What caught our eye on the chart below is the increase in the VIX reading which put it under its moving average on our inverted scale. Something spooked investors today. One possible reason is they are waiting with bated breath to see what various inflation gauges reveal this week.
Here is the latest recording from 2/12:
S&P 500 New 52-Week Highs/Lows: The 10-DMA of the High-Low Differential is slowly making its way up in overbought territory. New Highs did expand and New Lows contracted on today's small decline.
Climax* Analysis: We saw one climactic reading, but it was not confirmed by volume and we didn't see any other climactic activity so we'll list it as not a climax day. More than likely the reading was caused by the upward thrust in small-caps.
*A climax is a one-day event when market action generates very high readings in, primarily, breadth and volume indicators. We also include the VIX, watching for it to penetrate outside the Bollinger Band envelope. The vertical dotted lines mark climax days -- red for downside climaxes, and green for upside. Climaxes are at their core exhaustion events; however, at price pivots they may be initiating a change of trend.
Short-Term Market Indicators: The short-term market trend is UP and the condition is NEUTRAL.
Swenlin Trading Oscillators (STOs) popped higher on an unchanged day which is very bullish. We also see a nice increase in stocks above their 20-day EMA and more rising momentum. Negative divergences are still a problem.
Intermediate-Term Market Indicators: The intermediate-term market trend is UP and the condition is NEUTRAL.
Both the ITBM and ITVM are rising and confirming our Swenlin Trading Oscillators. They are not at all overbought and can accommodate far more upside. Our issue is that it has set up a steep negative divergence with readings currently being so low.

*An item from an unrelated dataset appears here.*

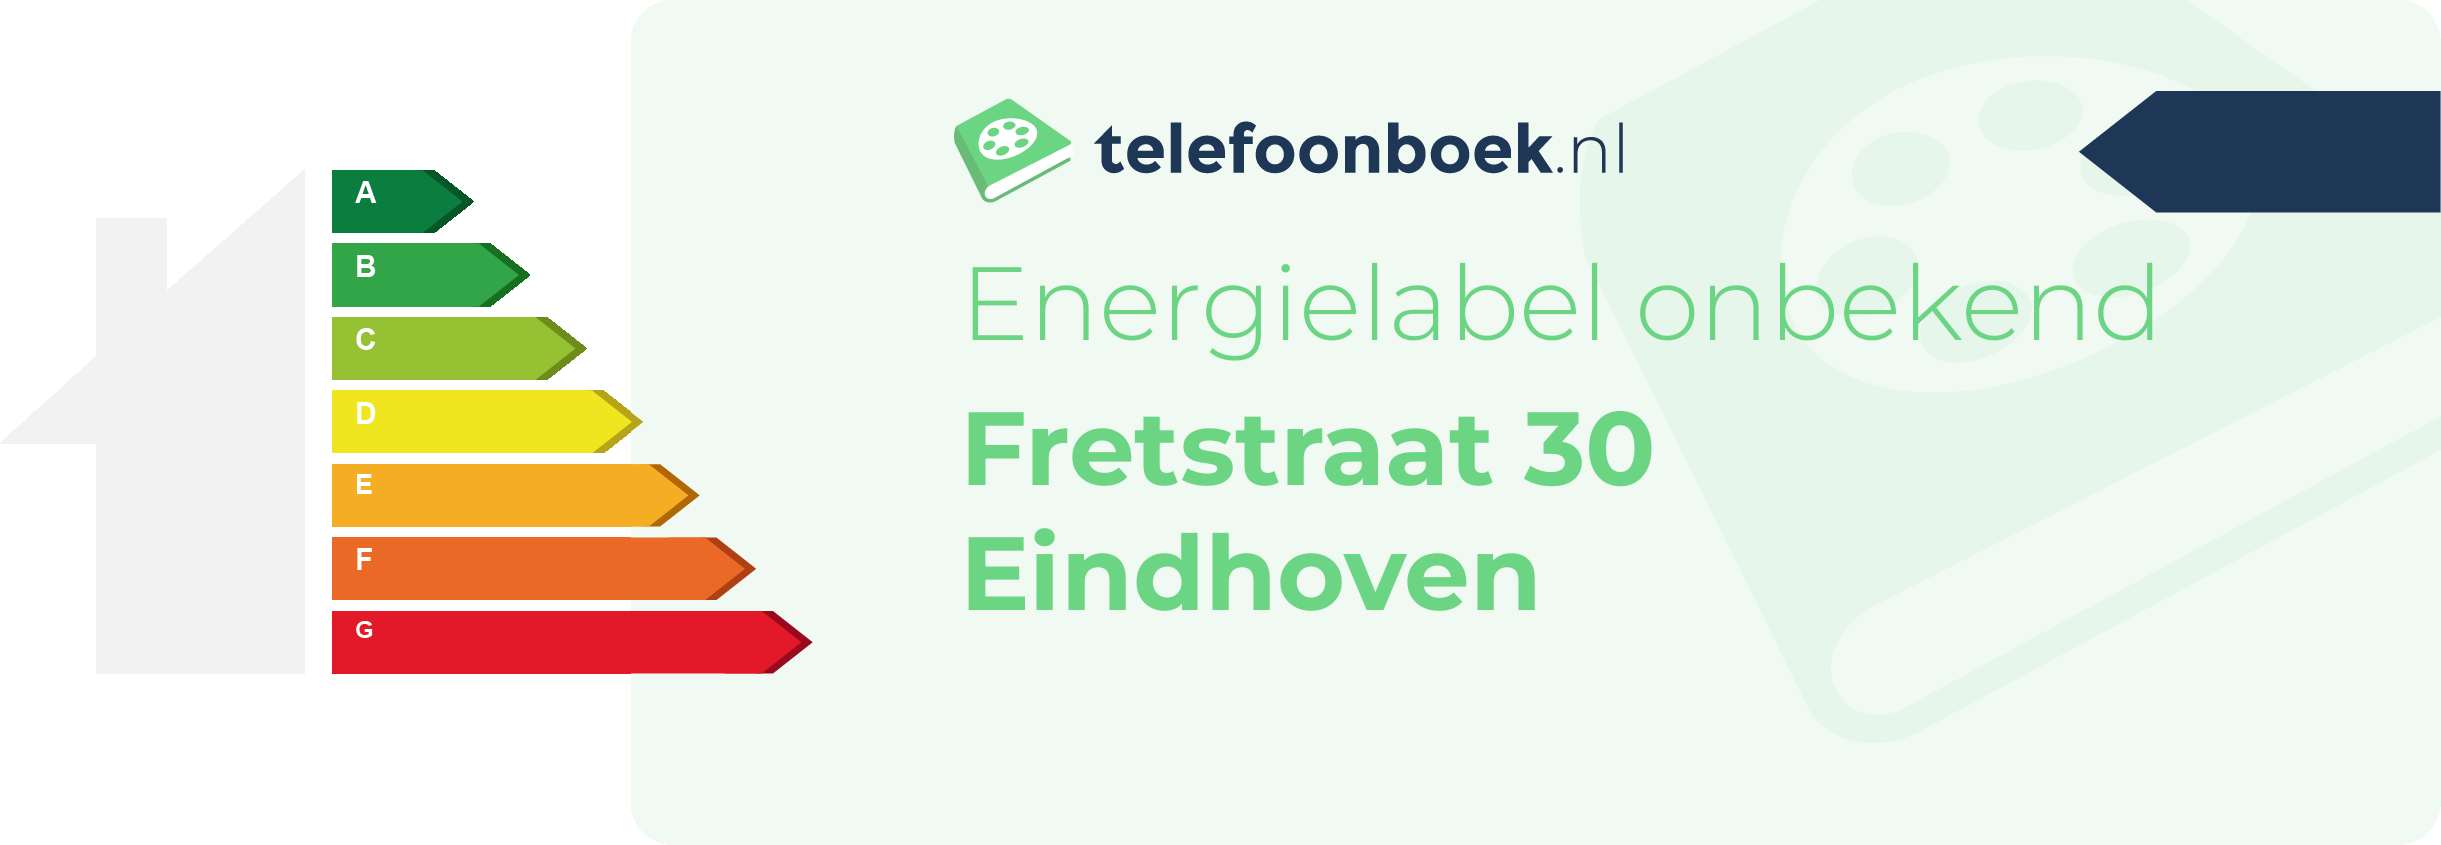 Energielabel Fretstraat 30 Eindhoven
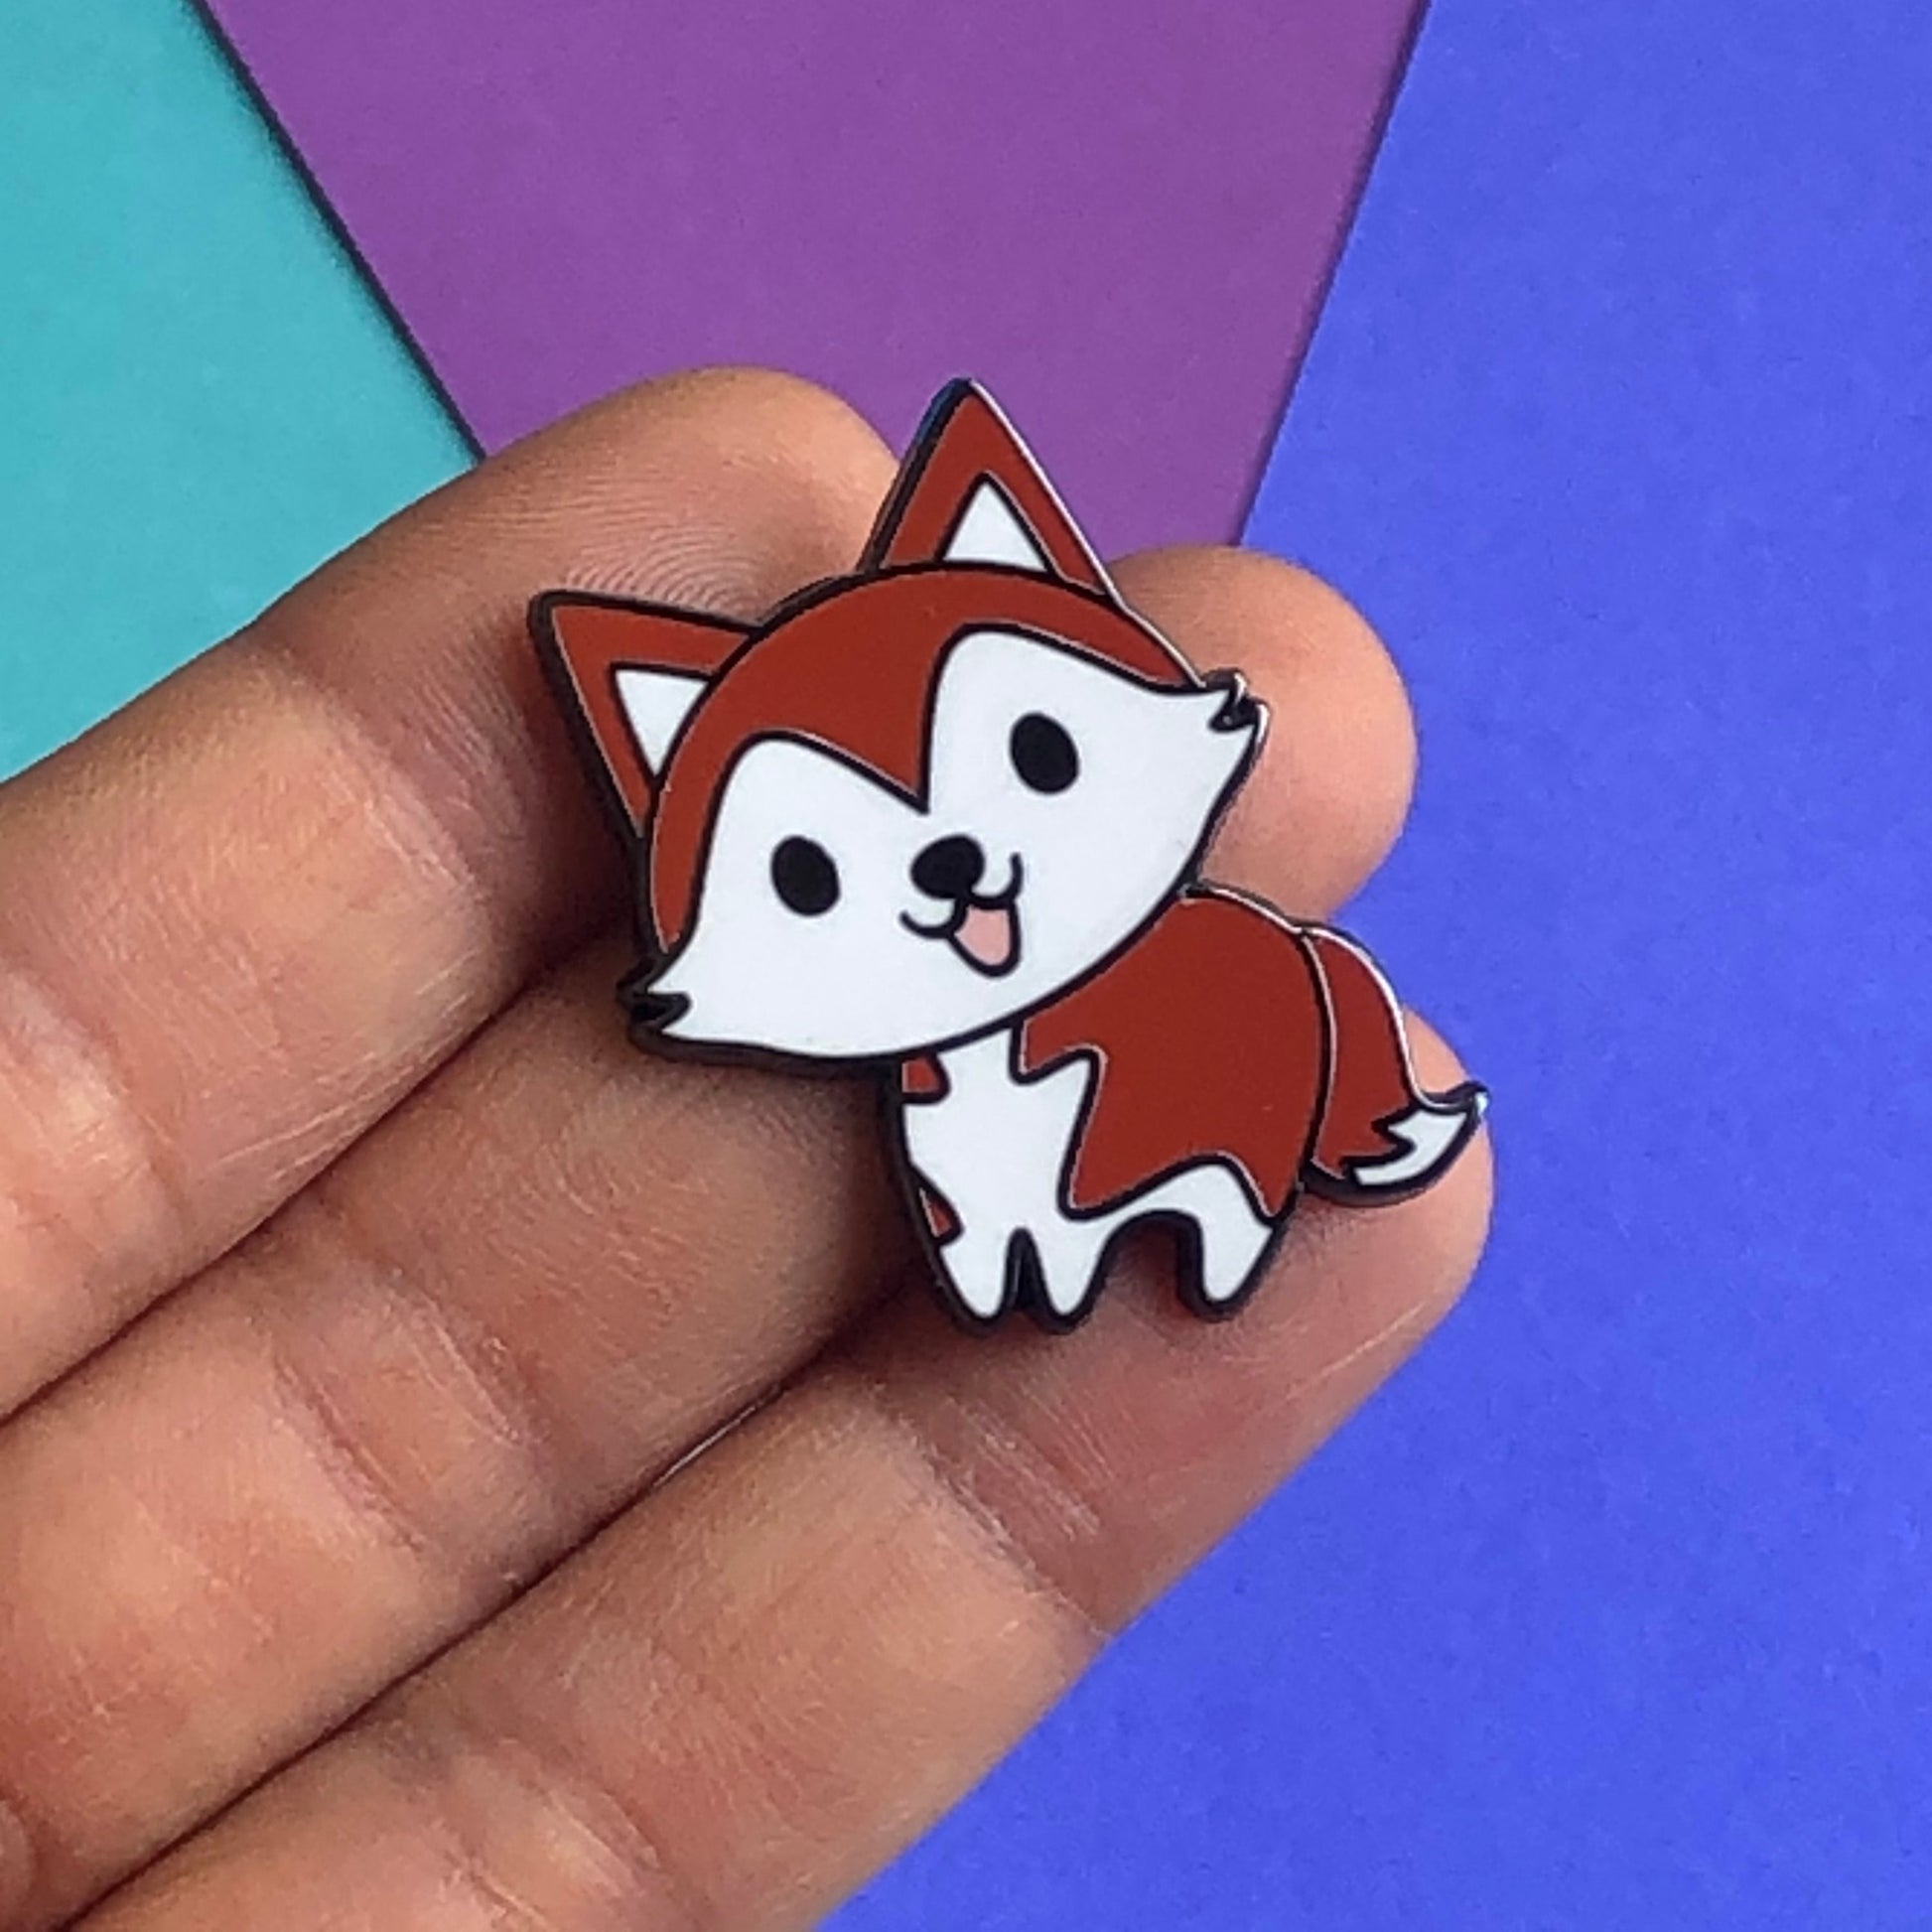 A Little Husky enamel pin, happy husky pin, cute husky pin, chibi husky puppy, happy dog pin

PARTICIPATION: The following chart objectively shows the depth and trend of participation in two time frames.
- Intermediate-Term - the Silver Cross Index (SCI) shows the percentage of SPX stocks on IT Trend Model BUY signals (20-EMA > 50-EMA). The opposite of the Silver Cross is a "Dark Cross" -- those stocks are, at the very least, in a correction.
- Long-Term - the Golden Cross Index (GCI) shows the percentage of SPX stocks on LT Trend Model BUY signals (50-EMA > 200-EMA). The opposite of a Golden Cross is the "Death Cross" -- those stocks are in a bear market.
The market bias is BULLISH in the short term.
The market bias is BEARISH in the intermediate term.
The market bias is BULLISH in the long term.
We do have negative divergences that are a problem on this chart, but we also note that we have better than 50% participation of stocks above their key moving averages. The numbers are healthy enough to keep the rally together a bit longer which is why our bias is bullish in the short term. The Silver Cross Index is below its moving average so the IT Bias is bearish. It did halt the decline somewhat, but readings on %Stocks > 20/50EMAs are below the SCI reading so it will take more effort to get those silver crosses. The Golden Cross Index took a turn for the worse today, but it remains above its moving average so the LT Bias is bullish.
BIAS Assessment: The following table expresses the current BIAS of various price indexes based upon the relationship of the Silver Cross Index to its 10-day EMA (intermediate-term), and of the Golden Cross Index to its 20-day EMA (long-term). When the Index is above the EMA it is bullish, and it is bearish when the Index is below the EMA. The BIAS does not imply that any particular action should be taken. It is information to be used in the decision process.
The items with highlighted borders indicate that the BIAS changed today.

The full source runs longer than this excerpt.